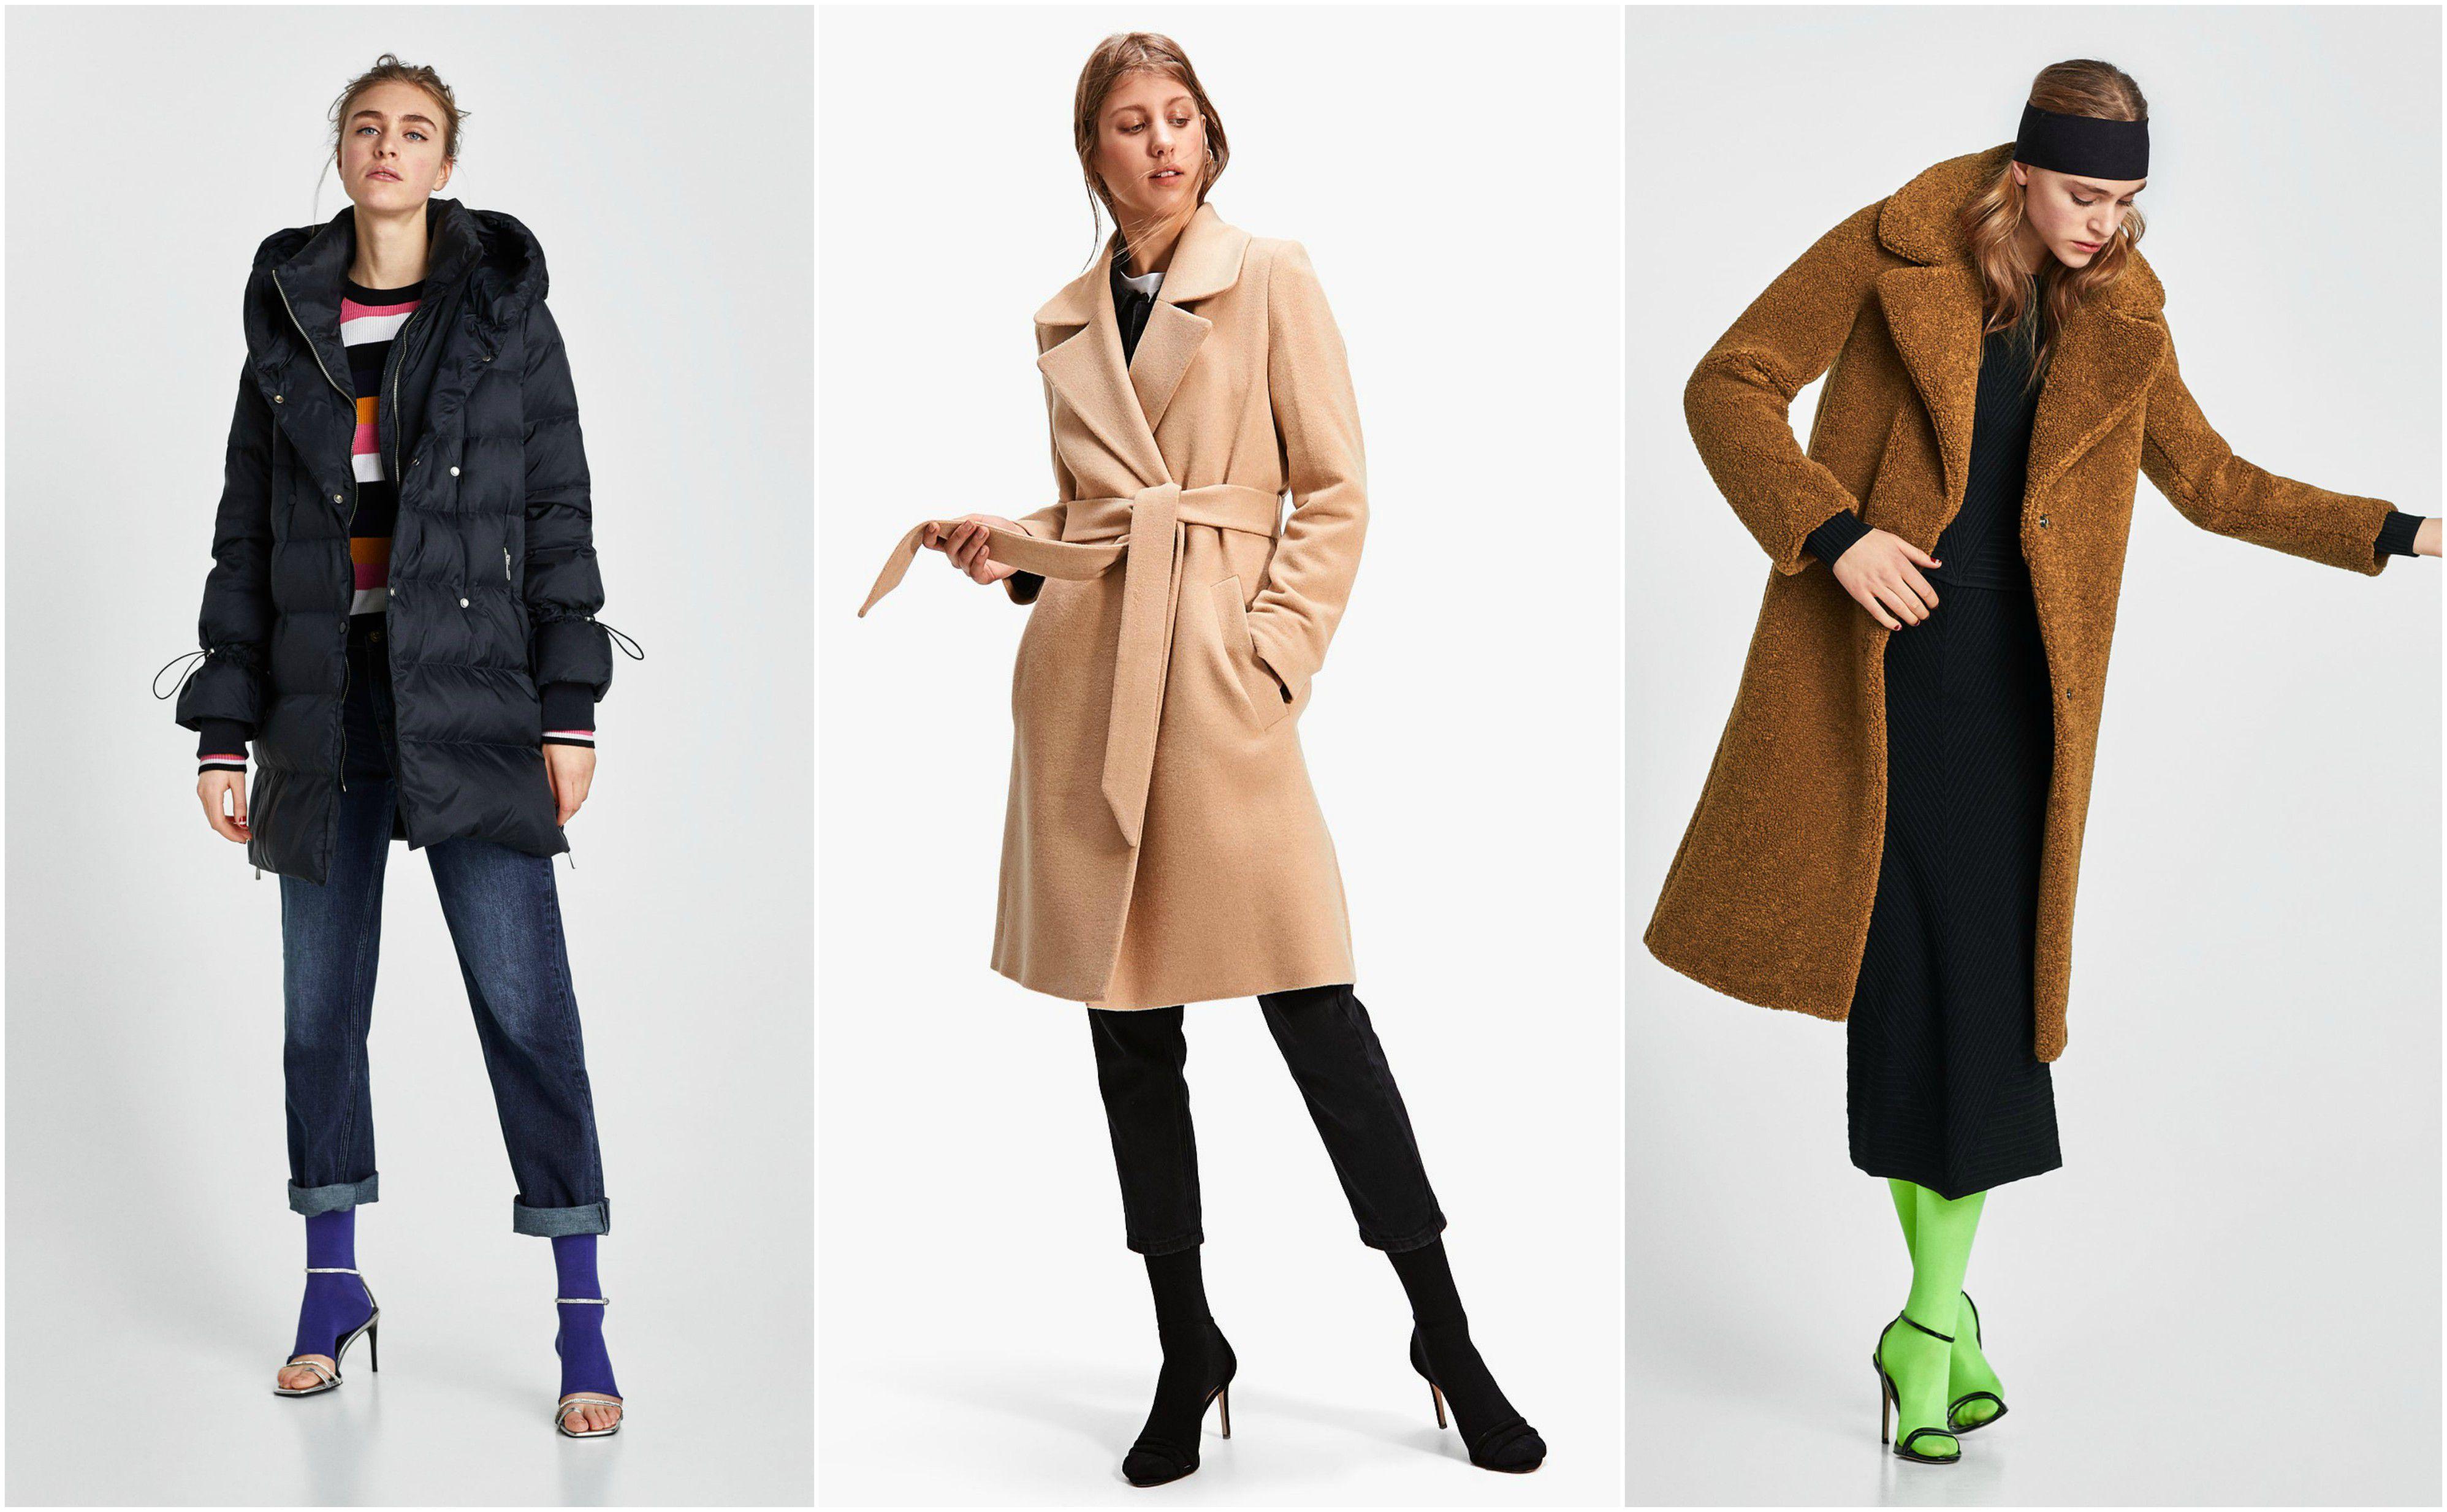 Zima je očito tek počela, pa evo najljepših debelih jakni iz ponude!
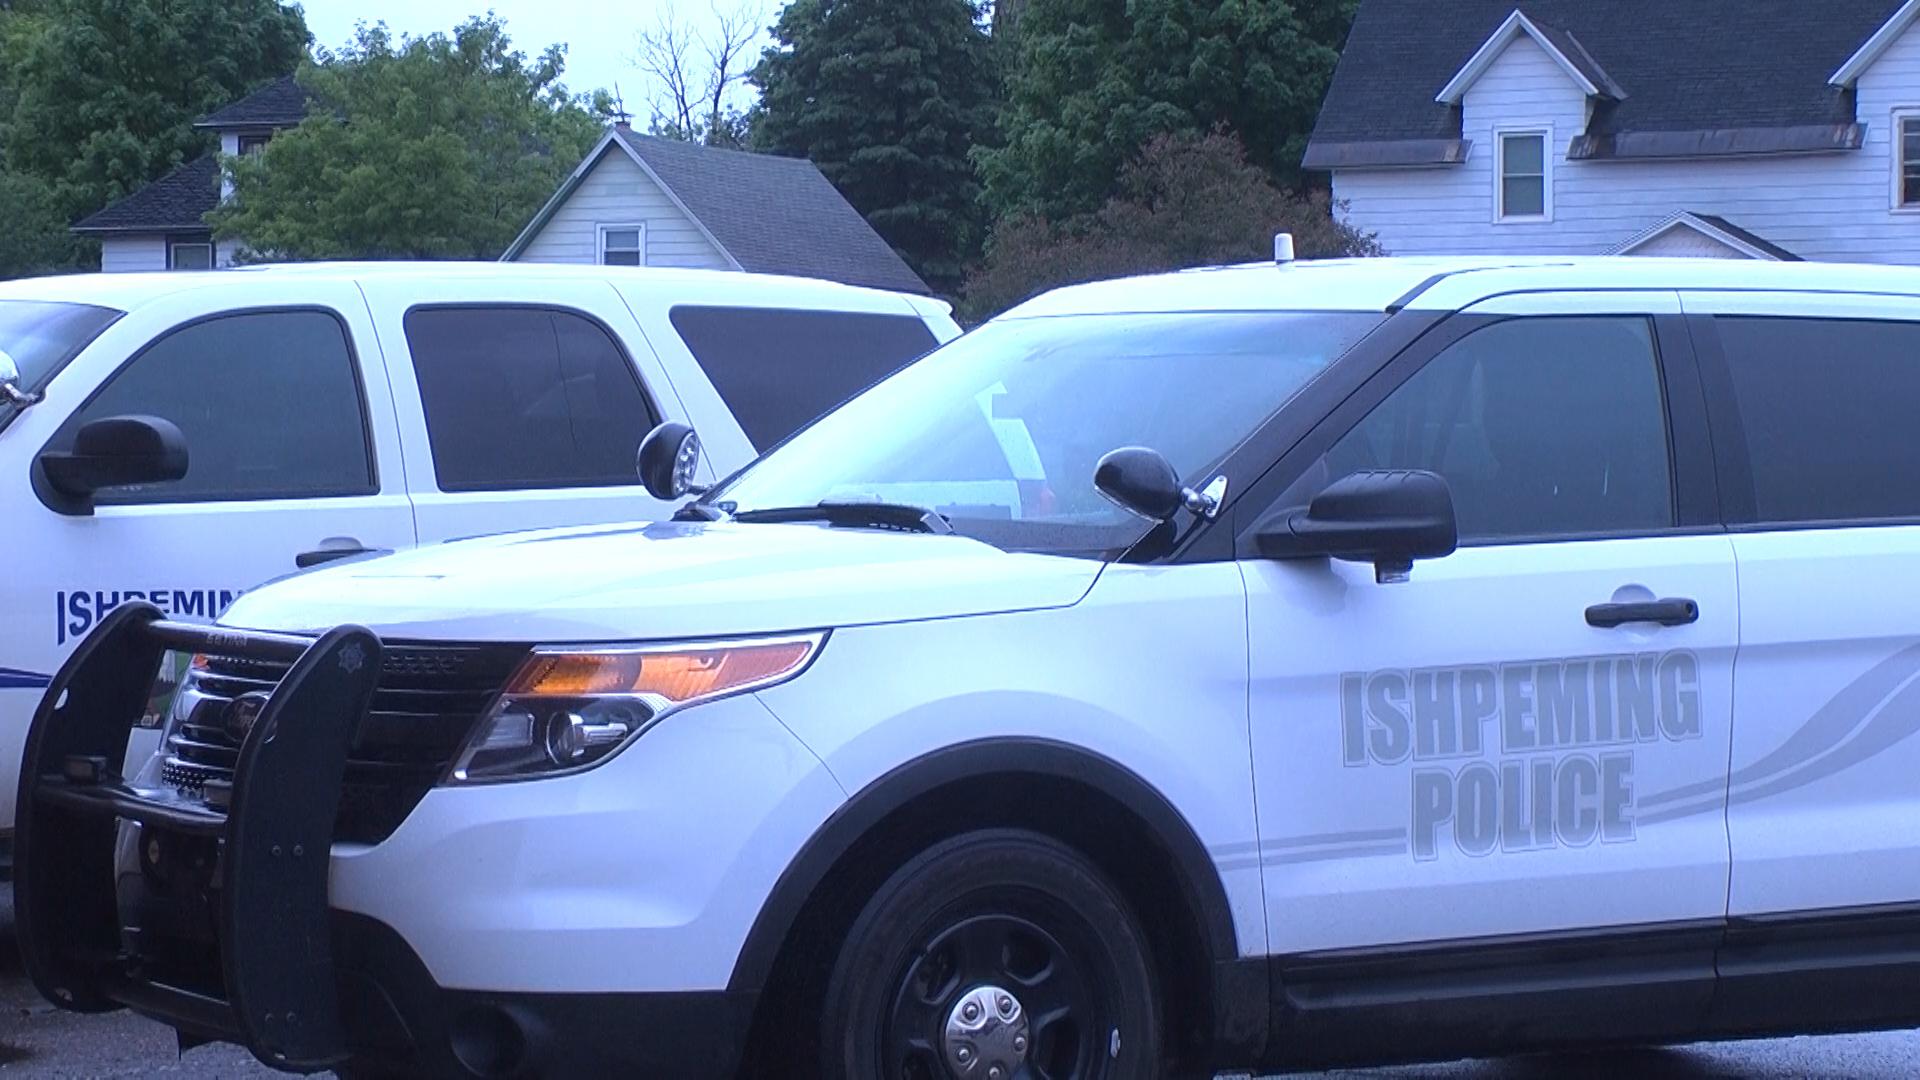 Local Police Hosting Bike Auction Abc 10 Cw 5
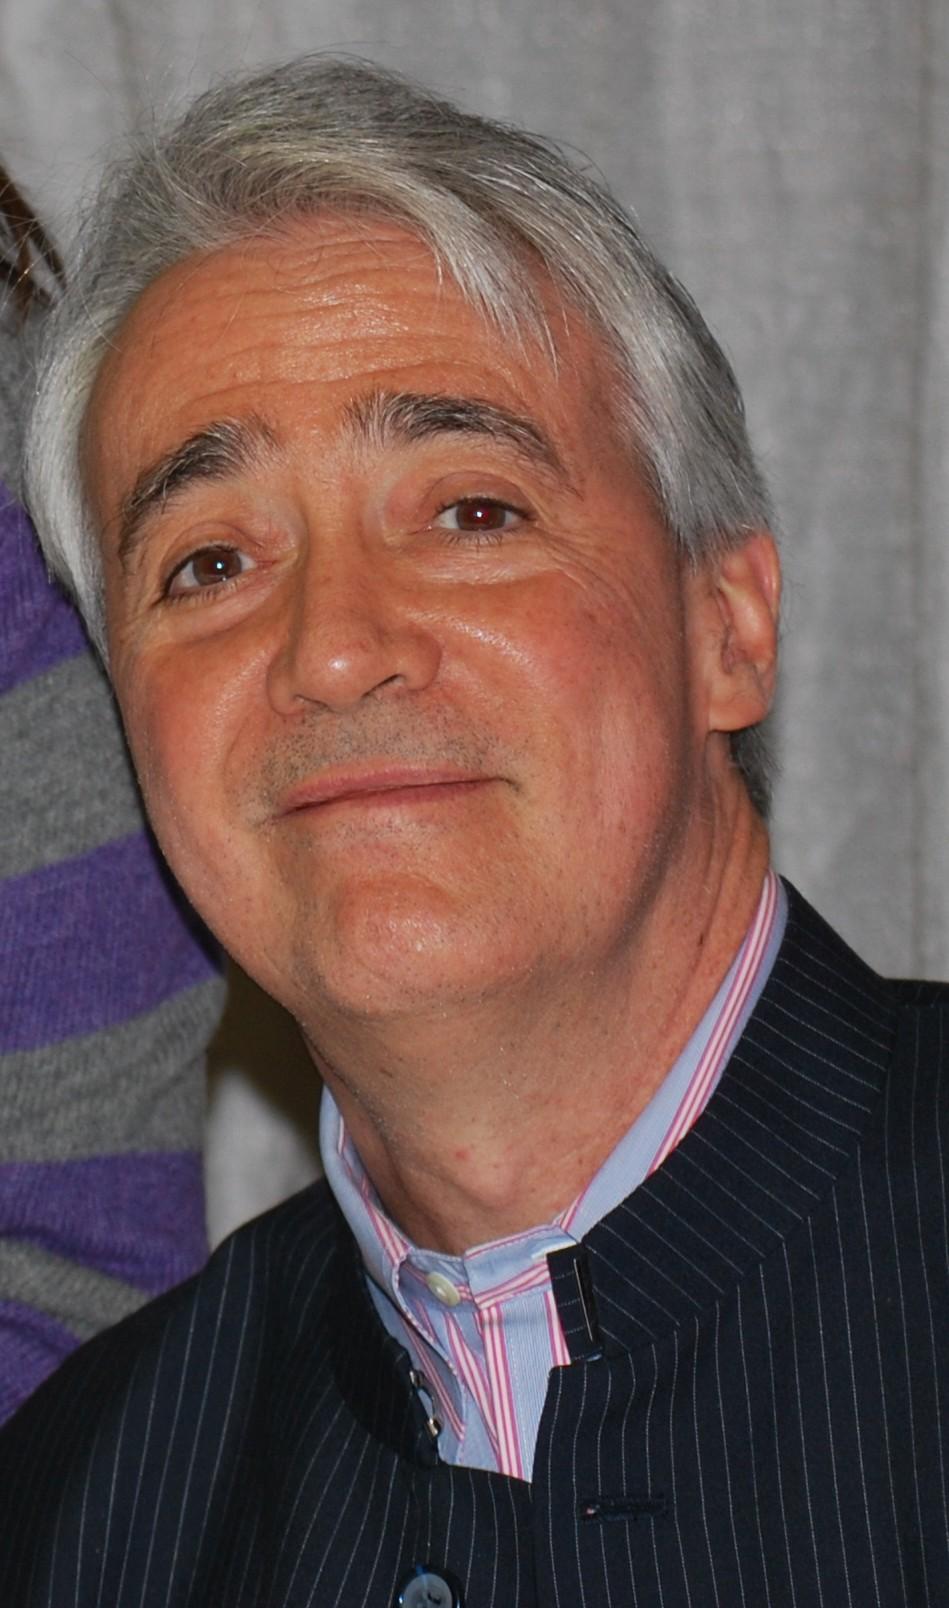 Simon in 2010

● WHAT YOU ARE ASKED TO DO: Reproduce every line of the data above, exactly as it stands, but not the pictures.

● EXPECTED ANSWER:
 Zima je očito tek počela, pa evo najljepših debelih jakni iz ponude!
 Local Police Hosting Bike Auction Abc 10 Cw 5
 Simon in 2010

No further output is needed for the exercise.